If you look at the lab7.c file you will see that some of the code has been provided for you. At the start of the program add code to do the following:

• Initialize the LCD as has been done in previous labs.
• Put up a splash screen with your name.

Once this has been done you are ready to move on to Task 1 and start adding additional code to interface with some of the hardware.

Task 1: Write the ADC routines

The Arduino’s analog-to-digital converter (ADC) module is used in this lab to adjust the width of the PWM signal going to the LEDs. The ADC will be used to determine the position of the potentiomter and also to determine if one of the buttons on the LCD has been pressed.

Information on using the ADC module is available in a lecture slide set. A more in-depth review of this material is provided in a separate document “Using the Atmel ATmega328P Analog to Digital Conversion Module available on the class web site. Refer to any of these resources for information on configuring the various registers in the module and how to do the conversions.

The adc.c file contains the template for two routines that you will have to write.

• adc_init() - This routine initializes the ADC module. It only needs to be called once at the start of the program but must be called before making any calls to the routine that takes the samples.

• adc_sample() - This routine has one argument, the channel number (0 to 5) to use for the ADC sample. It starts an analog-to-digital conversion on the specified channel, waits for it to complete and then returns the 8-bit result of the conversion to the calling program.

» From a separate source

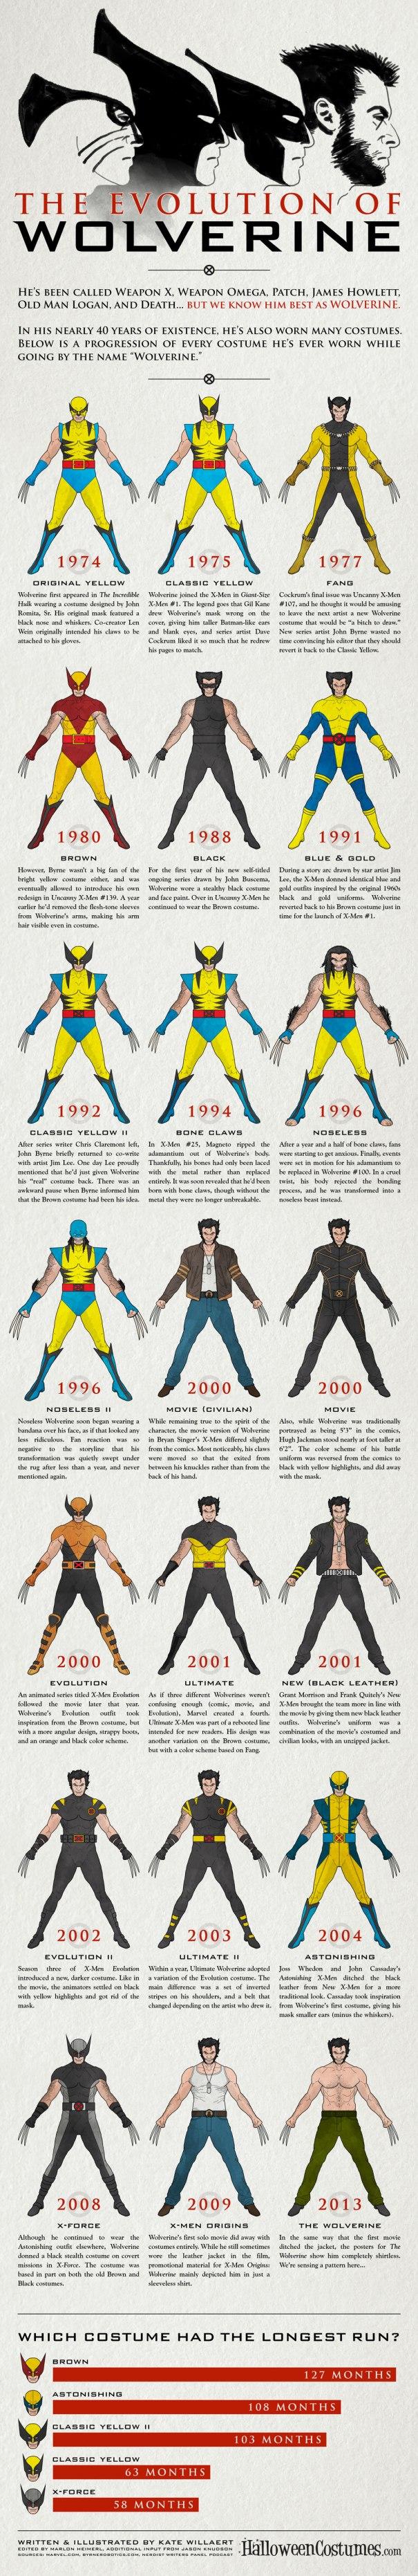 Evolution-of-Wolverine-Infographic-FULL

The adc_init routine must set up the proper values in the ADMUX and ADCSRA registers. Use the information in the ADC lecture slide set to determine which bits in the register must be set or cleared by the adc_init function.

Diagrams of the registers are shown below and are also provided on the Lab 7 grading rubric for you to fill in the values.

Important: When writing code to set or clear the bits in these registers by using the << shift operations, you can use the name of the bit as shown in the diagram. For example, to set the ADEN bit to a one, the following can be done.

    ADCSRA |= (1 << ADEN)

We strongly encourage you to use the symbolic bit names rather than the 0-7 bit number when doing set/clear/test bit operations.

Your code in adc_init should do the following:

1. Set/clear the REFS[1:0] bits in ADMUX to select the high voltage reference. Using the AVCC reference is appropriate for this lab.

2. Set or clear the ADLAR bit in ADMUX such that we will use 8-bit conversion results (not 10-bit).

3. Set/clear the ADPS[2:0] bits in ADCSRA to select an appropriate prescalar value.

4. Set the ADEN bit in ADCSRA to enable the ADC module.

The channel select bits in ADMUX should not be configured in the adc_init function. They will be set or cleared each time adc_sample is called according to the channel argument passed to that function.

The other bits should be left as zeros. The ADSC bit (shown below in red) will be set to a one in the adc_sample function, but in the initialization of the registers it should be left unchanged.

The adc_sample routine is called to acquire a sample of the analog signal from the ADC. The channel to sample is specified as an argument from 0 to 5 when calling the adc_sample routine. The adc_sample routine is declared as a “unsigned char” function and the return value contains the result of the conversion and can be saved in an unsigned char variable. For example, to acquire a sample from ADC channel 2 and put the value in the variable data, the code would be

    data = adc_sample(2);

The adc_sample routine must do the following.

1. Set/clear the MUX[3:0] bits in ADMUX to select the input channel as specified by the argument to the function. The correct bits to go in the MUX[3:0] bits are simply the lower four bits of the argument to the function so just use bit copying to fill these in.

2. Set the ADSC bit in the ADCSRA register to a 1. This starts the conversion process.

3. Enter a loop that tests the ADSC bit each time through the loop and exits the loop when ADSC is 0. This indicates that the conversion is now complete.

4. Copy the 8-bit conversion result from the ADCH register and return it to the calling program.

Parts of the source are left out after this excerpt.